Strategy offers some gains in poor market

With the Canadian market performing so poorly this year there may be on opportunity for advisors to take advantage of a little used strategy

An opportunity that doesn’t usually present itself for advisors should be available this year.

“With the Canadian stock market down more than 7% this year, it is likely that taxable investors who implemented the majority of their portfolio during the 2015 calendar year will have some tax loss selling opportunities available,” said Justin Bender, an advisor at PWL Capital in Toronto.

“As many Canadians tend to hold their Canadian equities in their taxable accounts, there could be more tax loss selling than usual in 2015, as they have been one of the worst performing asset classes year-to-date.”

The deadline in order for trades in order for losses to be available for 2015, is Dec 24th for Canadian listed securities and Dec 28 for U.S.-listed securities.

ETF investors might benefit more from this strategy.

“For passive ETF investors in relatively high tax brackets, it should certainly be discussed with their tax advisor (as the tax benefits can outweigh the implementation costs),” said Bender. “For individual stock pickers or active mutual fund investors, there is more uncertainty as to whether the benefits will outweigh the costs.  For example, if a stock or mutual fund is sold and replaced with another security for 30 days (in order to avoid the superficial loss rules), the replacement security’s performance may lag behind the original security by such a degree as to offset any tax advantage of the strategy.”

When an ETF is sold at a loss, it should generally be replaced with a similar but not identical security, in order to avoid the superficial loss rules and maintain your market exposure. 
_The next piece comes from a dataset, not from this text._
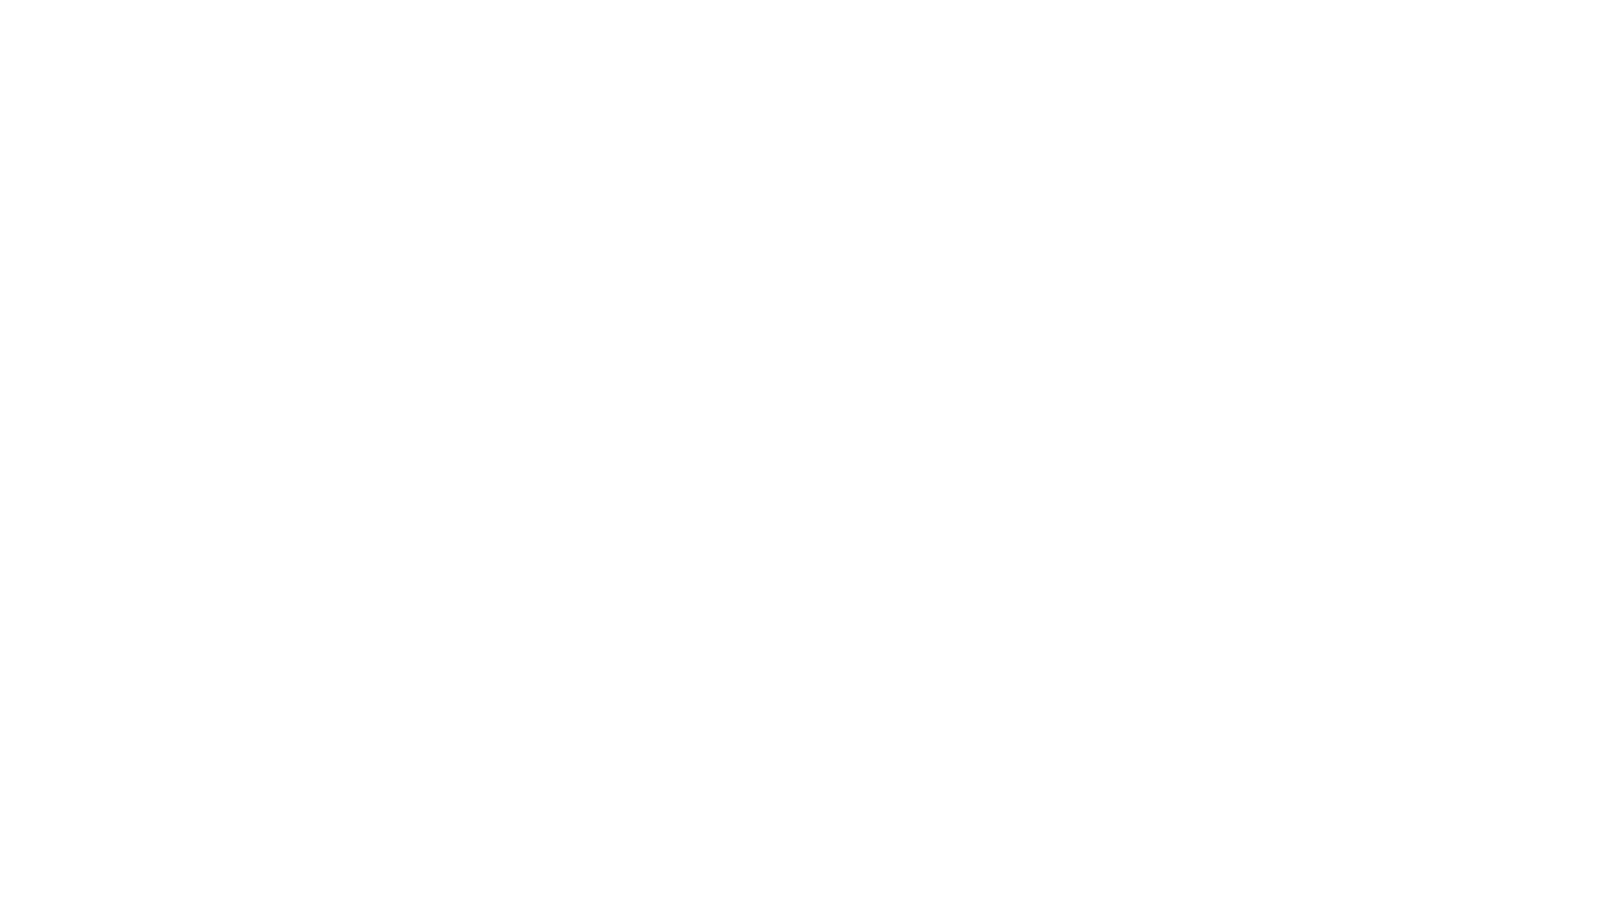 В воскресенье, 4 октября, в Академии борьбы имени Д.Г. Миндиашвили завершился IV открытый краевой турнир по вольной борьбе на призы заслуженного мастера спорта России Заура Батаева. Победителями соревнования стала сборная команда Красноярского края по вольной борьбе.  В этом году соревнования прошли в новом формате – «стенка на стенку», то есть в каждом весе от команды выступает только один человек, а по итогам выступления всей «стенки» выявляется лучшая команда турнира. Такой формат более зрелищный – участники команды «болеют» друг за друга и борются яростнее.  На торжественной церемонии открытия соревнований основатель турнира Заур Батаев поздравил всех присутствующих и открыл турнир: «Добрый день, дорогие друзья! Спасибо вам за теплые слова. Рад всех приветствовать в стенах Академии борьбы имени Д.Г. Миндиашвили. Хотелось бы сказать слова благодарности администрации города, министерству спорта края, Академии борьбы за сотрудничество и помощь в организации турнира. Также хотелось бы поблагодарить моих друзей, которые даже в такое непростое время оказали турниру неоценимую поддержку. Без всех вас это мероприятие не состоялось бы! А ребятам хотелось бы пожелать успехов в спорте, в борьбе, хочется, чтобы сегодня вы показали яркую борьбу – пусть победит сильнейший!».  За награды боролось около 80 спортсменов – из Новосибирской, Кемеровской и Иркутской областей, Красноярского края, Республик Тыва и Бурятия. Золото соревнований завоевали спортсмены из Красноярского края. Серебряными призерами стали спортсменами из Республики Тыва. Бронзу выиграла сборная команда Республики Бурятии.  Специальный приз «За лучшую технику» был вручен спортсмену из Республики Бурятии Кудеру Монгушу, приз «За волю к победе» и «Лучший борец турнира» получили спортсмены из Красноярского края Иван Кочевой и Антон Сучков.   Победители и призеры турнира на призы Заура Батаева:  🥇1 место – сборная команда Красноярского края. Состав: Иван Кочевой (57 кг), Илья Ставер (57 кг), Аршак Оганнисян (61 кг)

“Luckily, there are many ETFs from Vanguard Canada, BlackRock Canada, and BMO that can give investors similar market exposure,” said Bender. “This reduces the likelihood that the replacement ETF will underperform the original ETF during the 30 day holding period.  At the end of the 30 day holding period, the investor may even choose to keep the replacement ETF and not switch back to the original ETF in order to avoid additional bid-ask spreads and commissions (if they are indifferent between holding either security).”